Expected serving command:

```bash
vllm serve mconcat/Qwen3.5-27B-Claude-4.6-Opus-Reasoning-Distilled-v2-AWQ-4bit \
  --max-model-len 262144 \
  --gpu-memory-utilization 0.85 \
  --max-num-seqs 1 \
  --skip-mm-profiling \
  --reasoning-parser qwen3
```

With MTP enabled:

```bash
vllm serve mconcat/Qwen3.5-27B-Claude-4.6-Opus-Reasoning-Distilled-v2-AWQ-4bit \
  --max-model-len 262144 \
  --gpu-memory-utilization 0.85 \
  --max-num-seqs 1 \
  --skip-mm-profiling \
  --reasoning-parser qwen3 \
  --speculative-config '{"method":"mtp","num_speculative_tokens":1}'
```

### Transformers

This export is not intended for plain `transformers` inference.

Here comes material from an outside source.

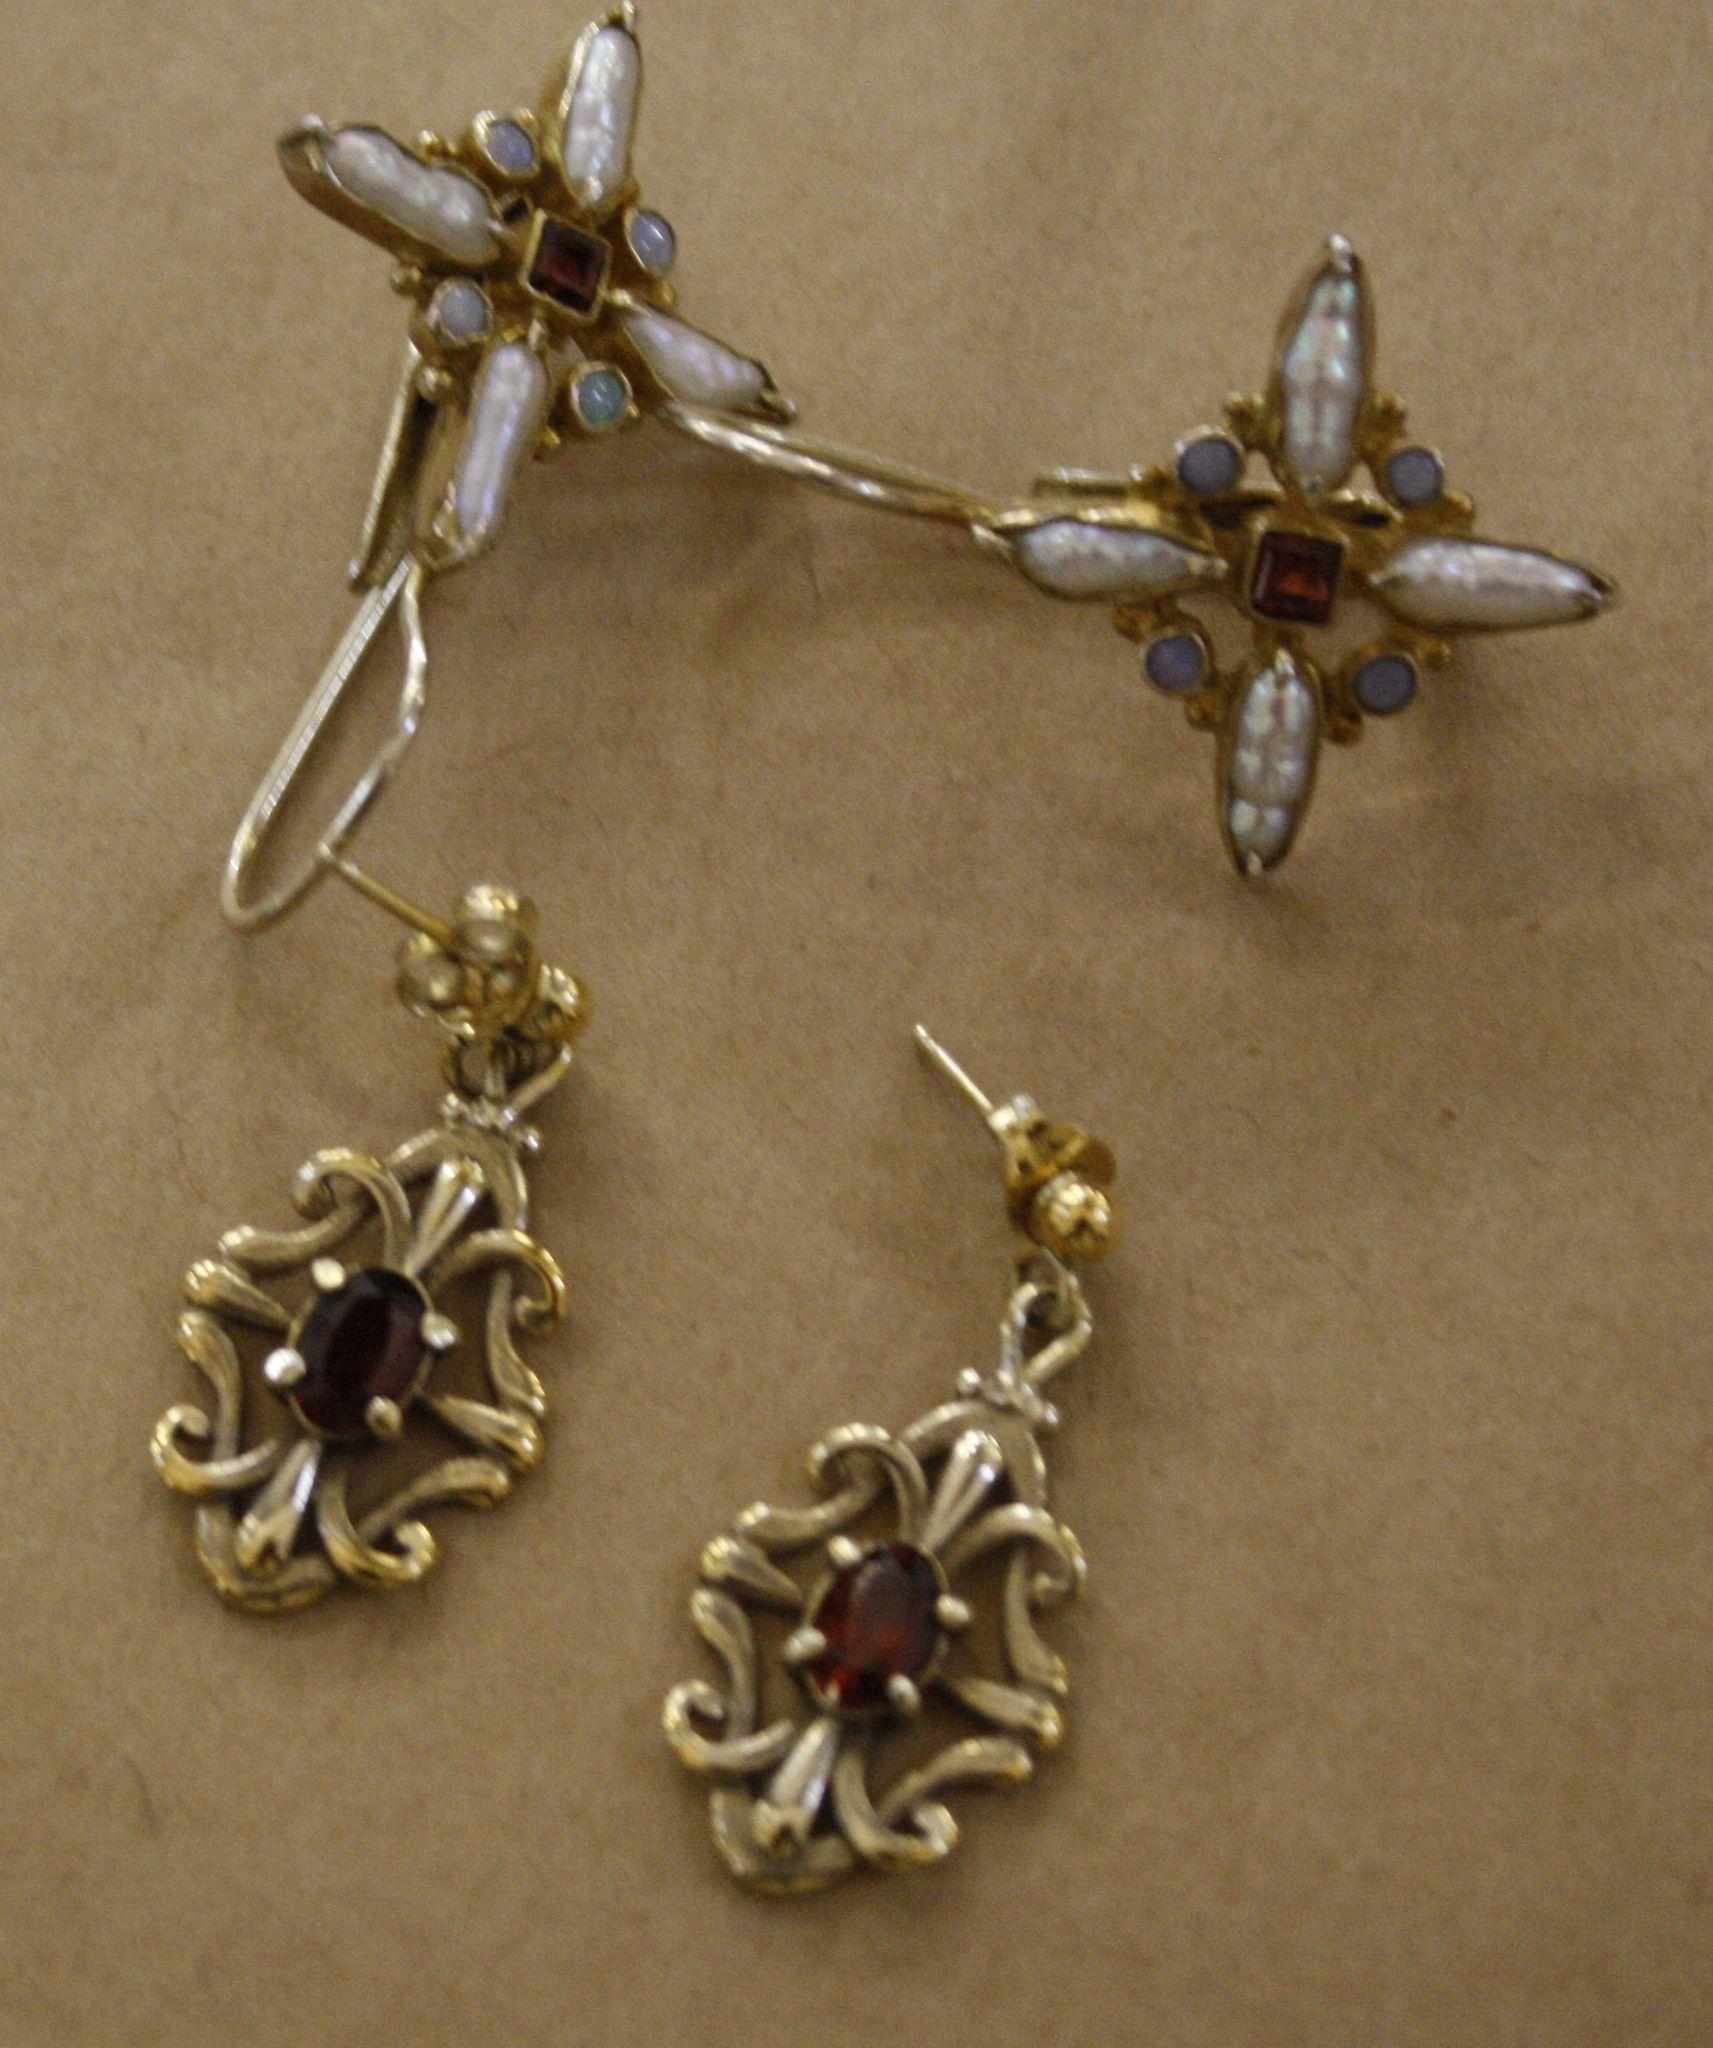 A pair of silver drop earrings

Use a runtime that understands AutoAWQ-format checkpoints, such as vLLM with AWQ support.

## Compatibility

| Framework | Supported | Notes |
|-----------|-----------|-------|
| vLLM >= 0.17.0 | Expected | Intended serving path for this AutoAWQ export; exact local serve validation still pending |
| transformers >= 5.3.0 | No | Plain `transformers` is not the intended inference path for this AutoAWQ checkpoint |
| AutoAWQ-compatible runtimes | Expected | Export format is AutoAWQ-style `quant_method=awq`, `version=gemm` |
| SGLang | Unknown | Not verified for this export |

## Notes

- This is an AutoAWQ-format export, not the compressed-tensors AWQ format.
- The output keeps `self_attn.o_proj` and DeltaNet `linear_attn.out_proj` in BF16 rather than 4-bit.
- The output folder includes the Qwen3.5 MTP sidecar and processor metadata needed for serving compatibility.